The historic tennis title came one day after the Columbia football team defeated in-state rival Cornell to win its first Ivy League football title since 1961 and only its second ever Ivy title in that sport. (albeit a three-way tie with Dartmouth and Harvard).
Zheng’s win in the first-ever Fall staging of the NCAA individual championships comes six months after he lost in the NCAA singles final in Stillwater, Oklahoma, falling to Alabama’s Filip Planinsek of Slovenia. Unfortunately, Zheng’s title does not guarantee him the traditional wild card entry into the U.S. Open tennis championships that had been traditionally given to American winners of the collegiate championship by the U.S. Tennis Association. The USTA recently announced that rather than giving an American winner of the event a wild card into the tournament, it would invite the American winner and/or runner-up at the NCAAs, plus two more American collegiate players chosen by a committee, into a “wild card” tournament in June to determine the wild card invitation winner. Last year, Zheng was given a wild card into the U.S. Open qualifying tournament, where he lost in the opening round. In 2023, Zheng also received a wild card into the U.S. Open qualifying and won a round before losing in the second round.
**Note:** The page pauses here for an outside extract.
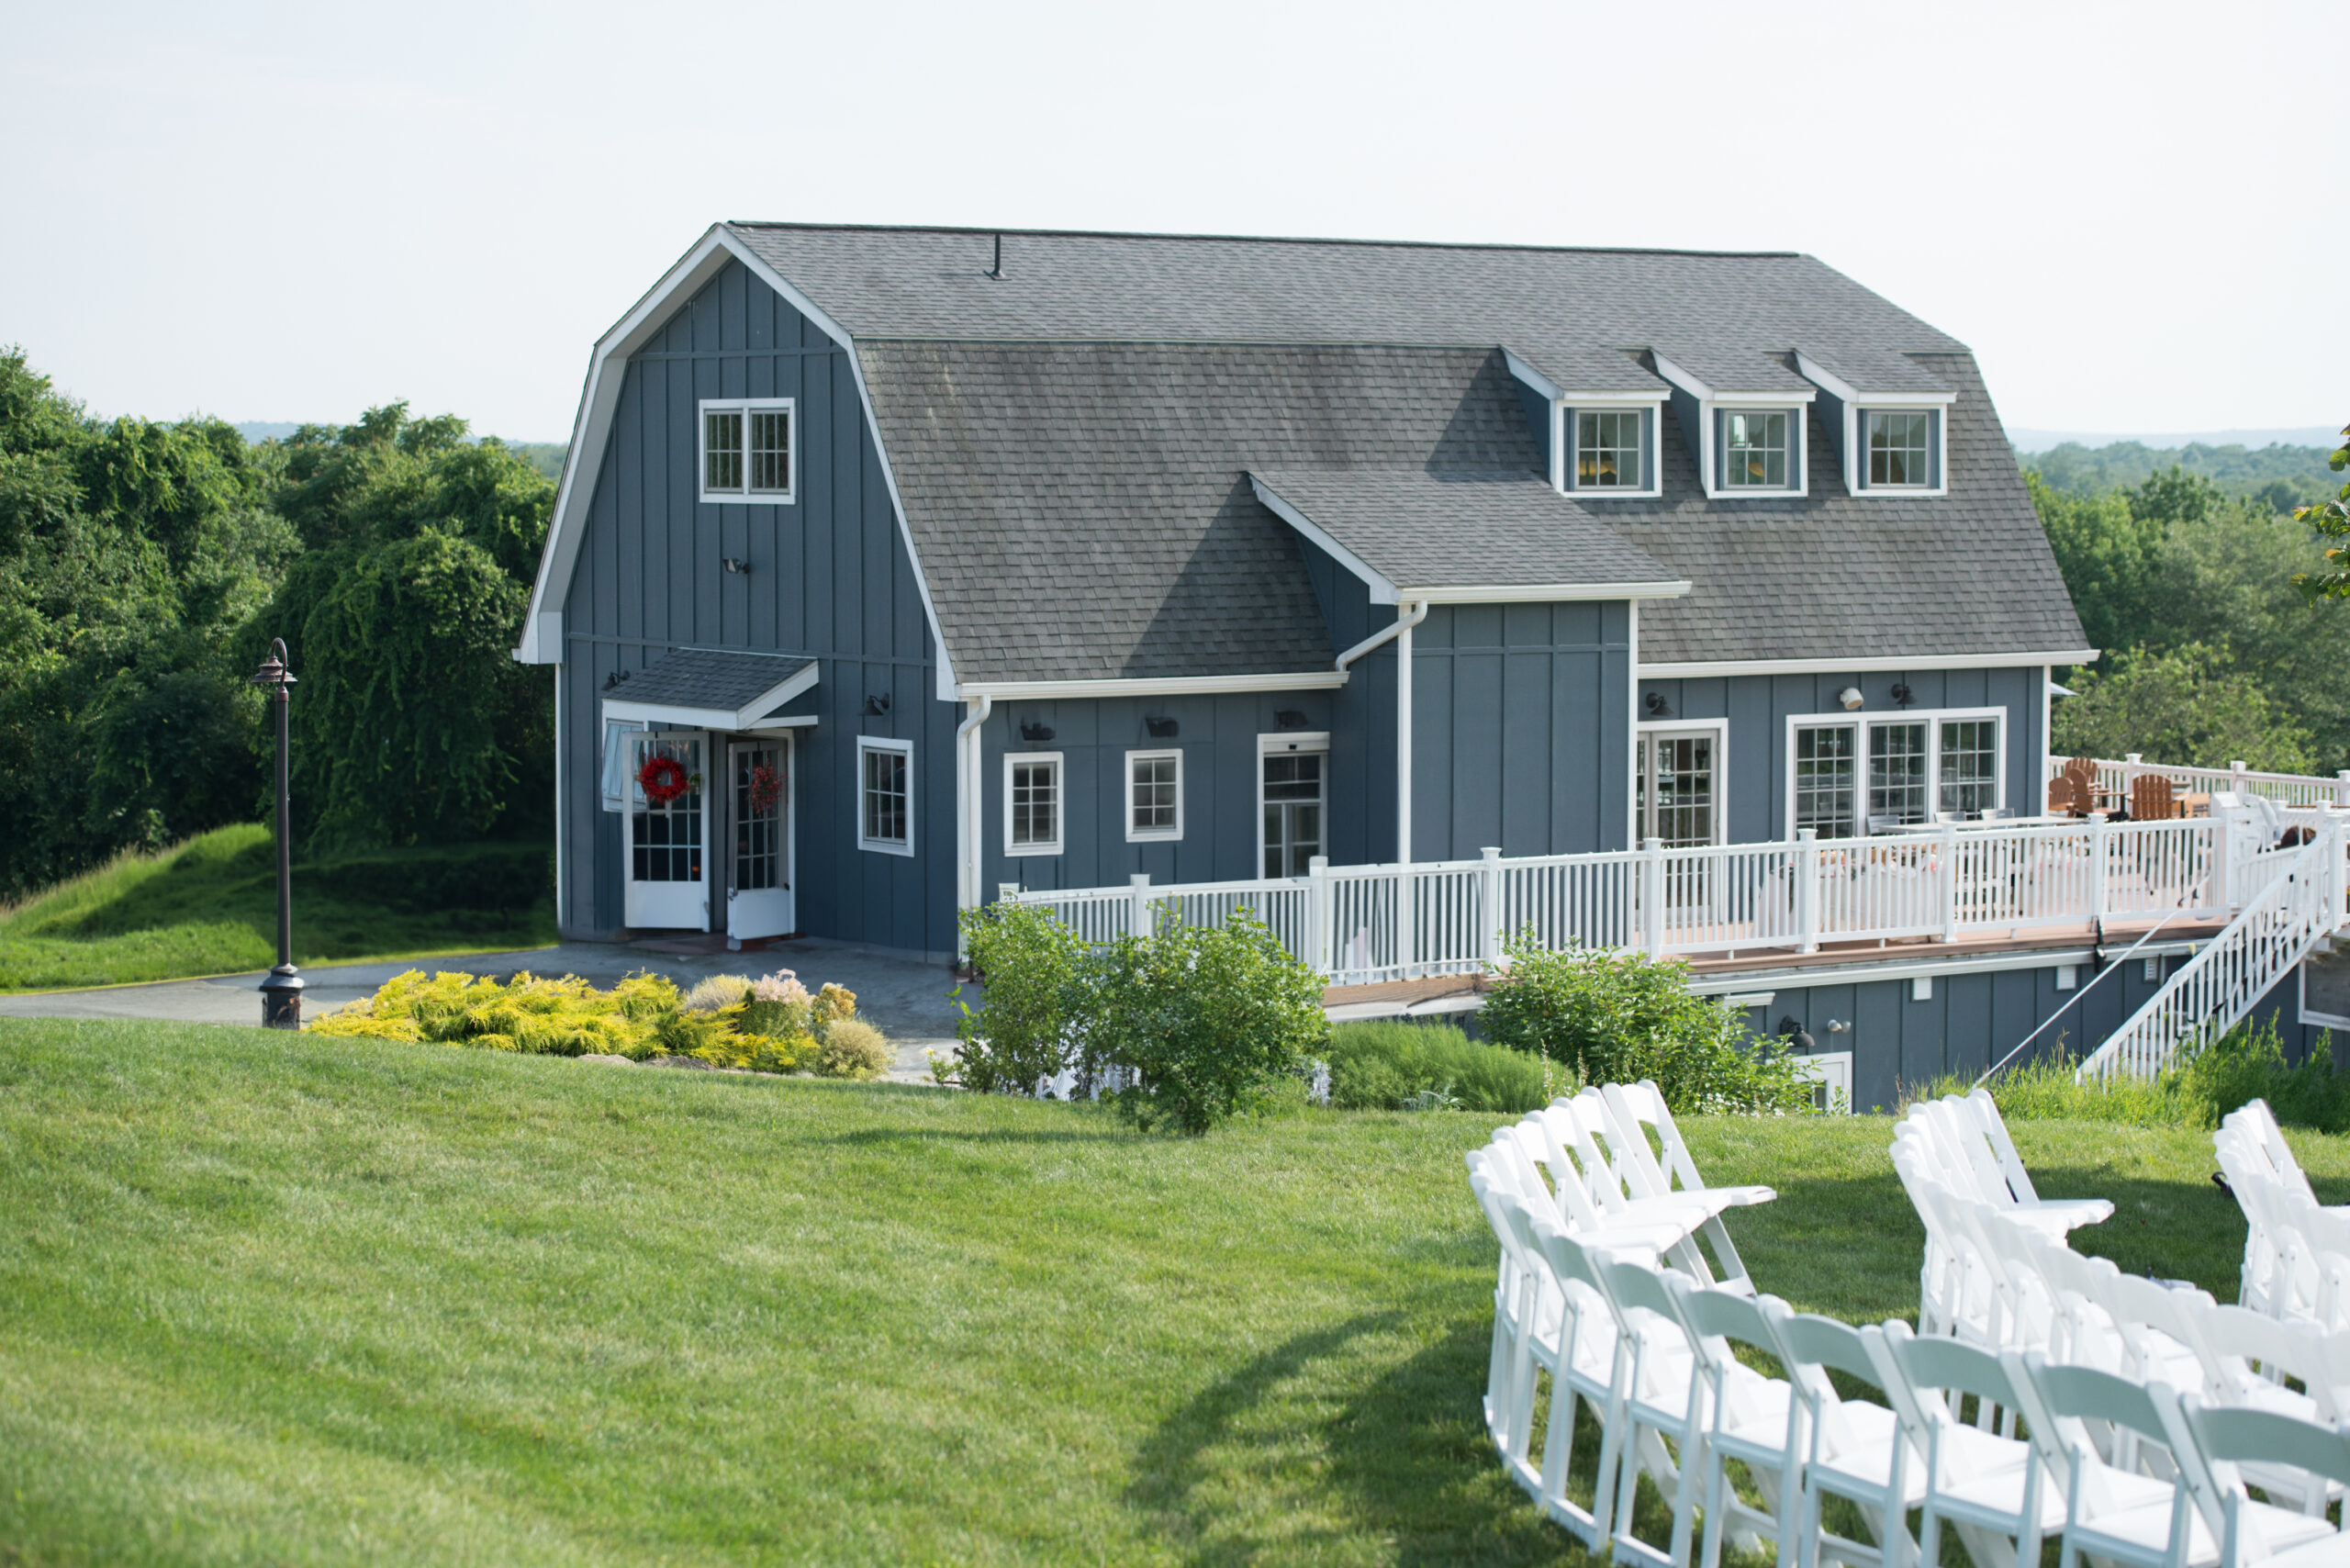 The Tasting Barn and the adjacent deck offer a quintessential backdrop to the outdoor ceremony space at Preston Ridge Vineyard.
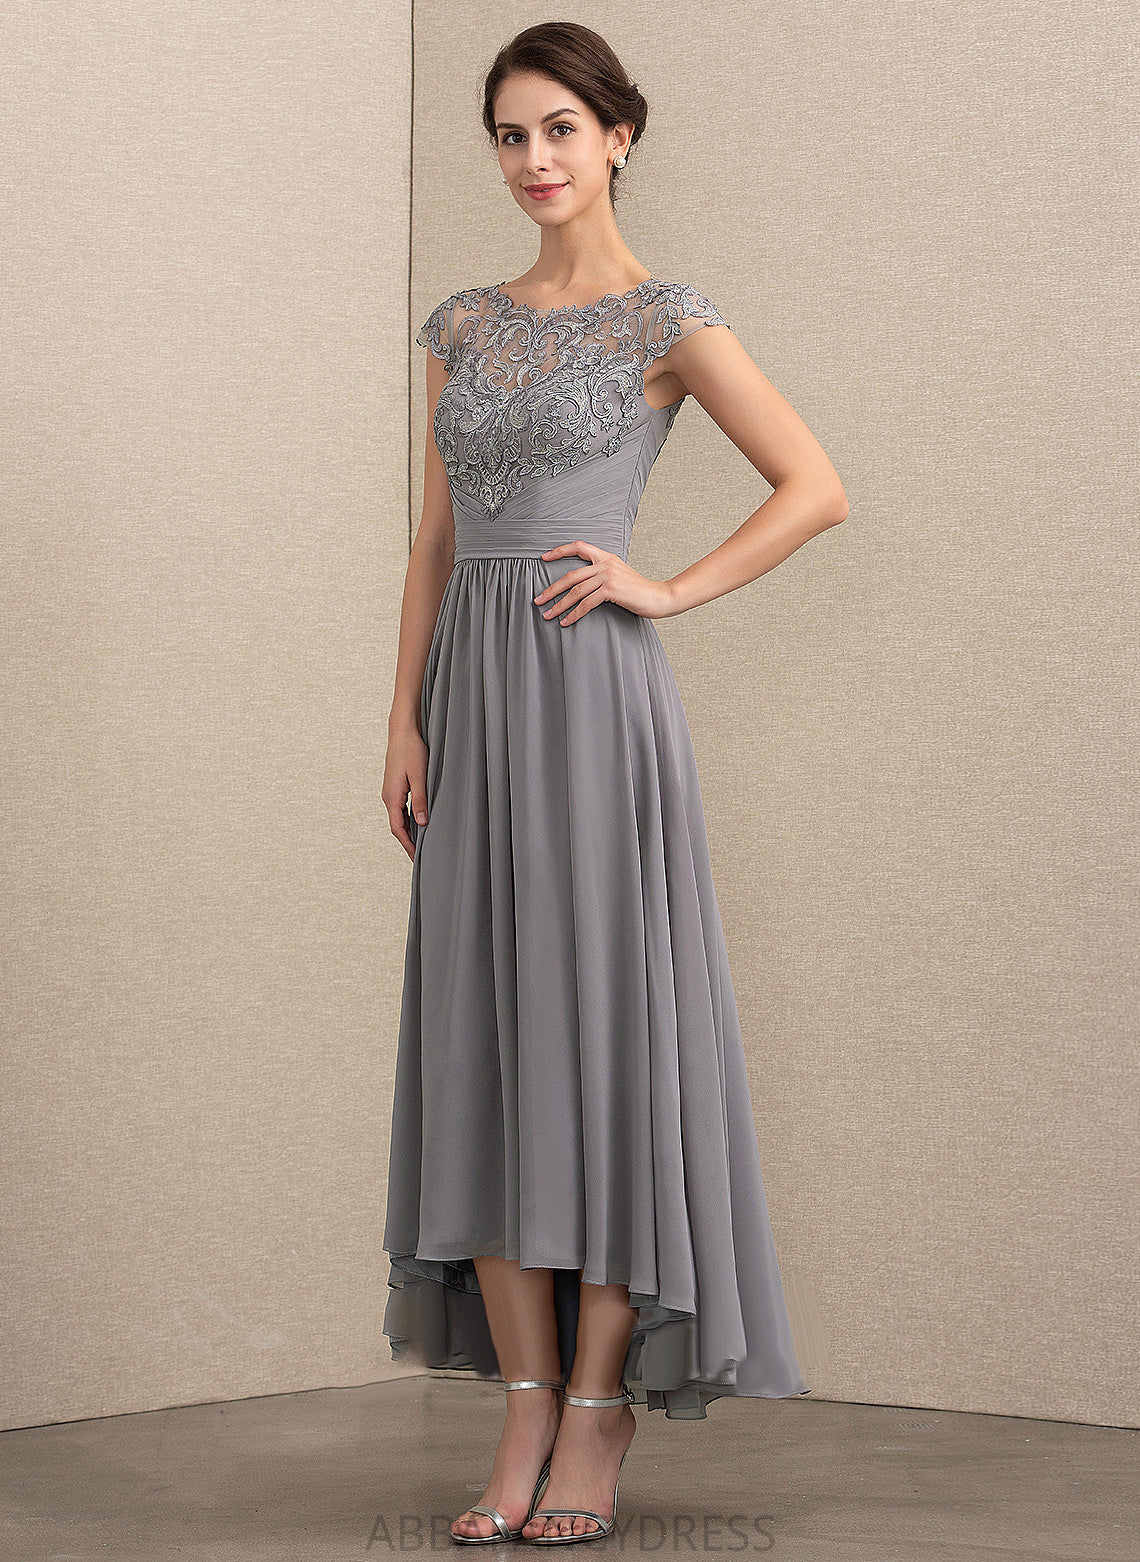 Lace Neck Dress Chiffon Mother of the Bride Dresses Scoop the Charlize A-Line of Mother Asymmetrical Bride

Americans Ben Kittay of Lauren Springs, Md., and Gavin Young of Apple Valley, Minn., of the University of Michigan, however, were defeated in the NCAA men’s doubles final, falling to TCU’s Pedro Vives of Spain and Lui Maxted of Britain 6-3, 6-7 (6), 10-2.
In the women’s singles tournament, Dasha Vidmanova of the University of Georgia won the singles title defeating Auburn’s D.J. Bennett of Belleview, Fla., 6-3, 6-3. Vidmanova, from the Czech Republic, also won the NCAA doubles title for the Dawgs last May.
Virginia’s Melodie Collard of Canada and Elaine Chervinsky of Baltimore, Md., won the women’s doubles title beating UCLA’s Kate Fakih of Pasadena, Calif., and Olivia Center of South Pasadena, Calif., 4-6, 6-3, (10-5) in the final.